Placa Street – Dubrovnik’s main thoroughfare, as seen from the city walls
With our discount, the cost for walking along the city walls was 70 Kuna per person (just over $10 USD). We had read that the walls take a good hour or so to walk around and we wanted to go as close to sunset as possible. Because the entrance to the walls close an hour before sunset, we started our journey just ahead of that cutoff allowing for plenty of time for photos!
Views over the rooftops from the city walls
The wall is 6365 feet (1940 meters) in length encircling the entire city. It is said to be one of the most beautifully preserved medieval walls in the world.
A view from the wall of the wall
The walls are very narrow in parts and for this reason, there is only one direction in which you can walk. Despite how busy the town was, the walls weren’t too overly crowded, but I think that has more to do with the fact that is was just before closing time.
Fort Lovrijena and the city walls
We still came upon a few congested spots where we’d have to wait for other visitors to take their photos, but it was just as well, as we would take advantage of the pause and take a photo, too, or simply admire the surroundings!
Cafe Buza – A bar with an epic view, just outside the city walls
Prior to a devastating earthquake in 1667 which destroyed a large portion of the city, Dubrovnik rivaled Venice as one of the most significant maritime and mercantile centers of the Adriatic.
Love these shades of orange on the rooftops!
The city has obviously been rebuilt and now thrives on the tourism industry. It was toward the end of our walk on the city walls that I finally started to grow somewhat fond of this city.
Domed church roofs and the bell tower
Maybe it had to do with the lack of tourists on the wall just before closing time. Or possibly is was the soft glow coming from the sun just beyond the time-worn buildings and terracotta rooftops.

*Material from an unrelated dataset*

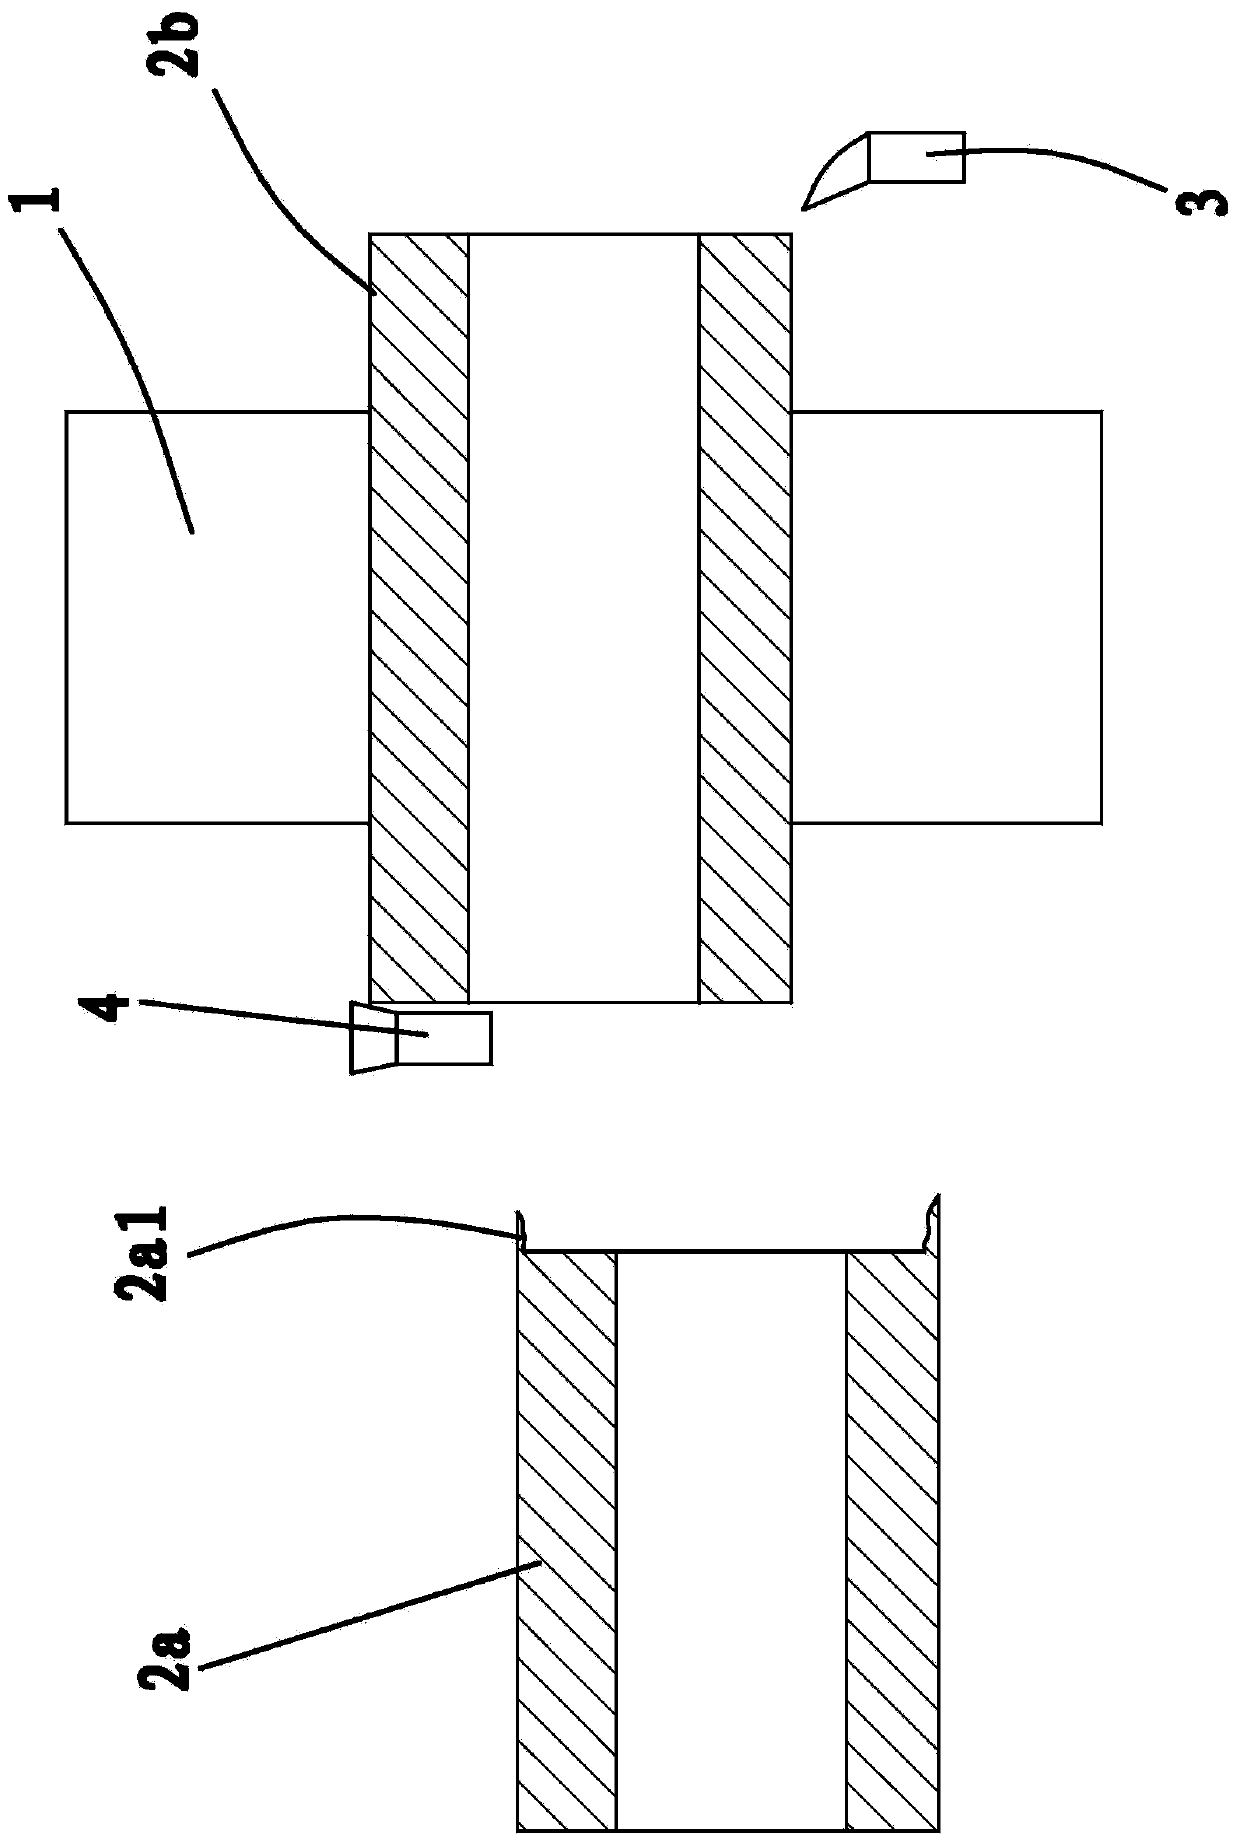 Turning cutting off method for rod-shaped workpieces

Just before sunset is a calm and beautiful time to walk the city walls
The best view over the Old City is from its walls
And though the sun had since dipped below the horizon, no one was kicking us off the wall quite yet. We captured one last shot of the wall, now completely free of tourists, and with Fort Lovrijena off to the right.
Dubrovnik City Walls and Fort Lovrijena
The Old City streets were now a little less crowded as the one cruise ship in port most probably sailed back out to sea.
Placa Street after sunset
And thus ends the tale of my love-hate relationship with Dubrovnik, a city I so desperately wanted to love. Sadly, I was again reminded why I did not, as we were elbowed and shoved getting onto an overcrowded bus to make our way back to our hotel. So, is Dubrovnik a charming city? Absolutely! IF you can tolerate the throngs of other people swarming through the cobblestone streets. We’re not saying you shouldn’t visit; you should just be prepared to share your experience with thousands of others… or visit in the off-season!
Have you been to Dubrovnik? What was your experience like?